El último vuelo

 

Por: Roberto Adrián Morales.-

Cristino ya no tuvo nada que hacer en el mundo de los vivos, aunque siguió dentro de él. Al fallecer su mujer, perdió la ilusión de existir. Hacía meses no tenía noticia alguna de sus dos hijos y eso, también con el tiempo, dejó de importarle. Lo único que lamentaba era haber perdido a su abnegada Guadalupe, que siempre estuvo a su lado partiéndose el alma y el cuerpo para sobrevivir; juntos fueron envejeciendo, hasta que llegó la lamentable separación.
Después de enterrar a su esposa ya no hubo cosa importante que lograse renovar sus ímpetus viejos; no existía nadie a quién rendirle cuentas, nadie por quién trabajar, nadie por quién vivir. Le atemorizaba la soledad de la casa, por eso dio en caminar sin rumbo fijo; calles oscuras o iluminadas pertenecían a la nada que llevaba dentro.
Un buen día, entró al aeropuerto; se acomodó en la sala de espera y observó el arribo del avión de las ocho; cuando la aeronave llegó al hangar, junto con las personas que recibirían a algún familiar, se trasladó a la sala de recepción para mirar el reencuentro de seres amados. Los brazos delgados de Cristino colgados como ramas secas, no se abrían para dar la bienvenida a nadie; sin embargo esperó ahí, mirando el óvalo automático que arrastraba las maletas, escuchando las voces de sus dueños al reconocer el equipaje; los aplausos, las risas, los abrazos que se prodigaban todos fundiendo sus carnes en reciprocidad teatral, tan explosiva como los recuerdos.
Llegó el abandono, el lugar quedó vacío; Cristino retornó a la sala de espera, a mirar el ir y venir de los aviones. Buena manera para visitar el cielo. Gente llegaba, partía y él continuaba ahí, en espera de alguien; ese alguien que buscaba ansioso entre la muchedumbre.
Arribaron otros viajeros. Nuevo levantarse del asiento en la sala de espera, nuevo mirar y escuchar palabras que estallan caprichosas en los oídos cuando el amor existe.
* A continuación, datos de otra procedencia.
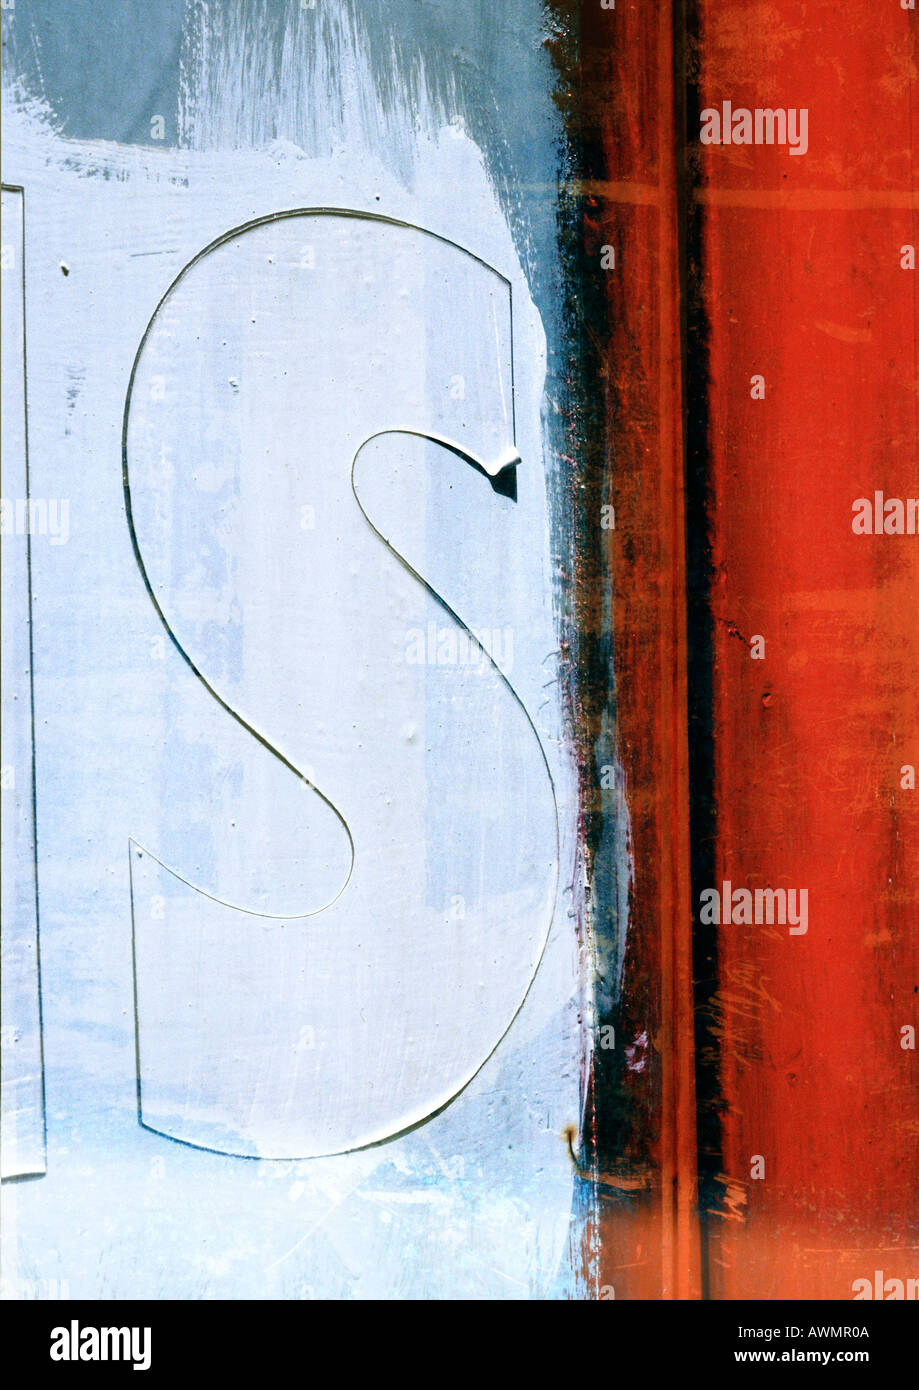 Letter S, close-up Stock Photo

Y él, sin emitir exclamación alguna, con los pies clavados al piso, con el pelo gris removido por el viento tenue y el nostálgico mirar al equipaje.
Una y otra vez, la misma historia. Esperar la llegada de un avión; levantarse a medio recibir a los pasajeros, mirar los rostros de quienes llegan ávidos de encontrarse con su familia; perseguir el monótono andar del gusano donde parecen correr las maletas, como avivadas también por las ilusiones de un encuentro. Después, silencio. Silencio.
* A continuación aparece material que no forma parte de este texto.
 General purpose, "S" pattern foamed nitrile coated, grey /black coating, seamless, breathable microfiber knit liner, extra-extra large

Así transcurrió el día. Cristino no recibió a los pasajeros del último avión. Permaneció sentado en la incómoda silla de plástico desde donde estuvo observando el horizonte que dibujaba las siluetas de los aviones. Sus ojos perdieron todo brillo, su cuerpo se tensó como cuerda de guitarra, y el rostro mostró la expresión de los viajeros que se encuentran con el ser que aman. El vuelo que esperó con tanta ilusión, al fin había llegado.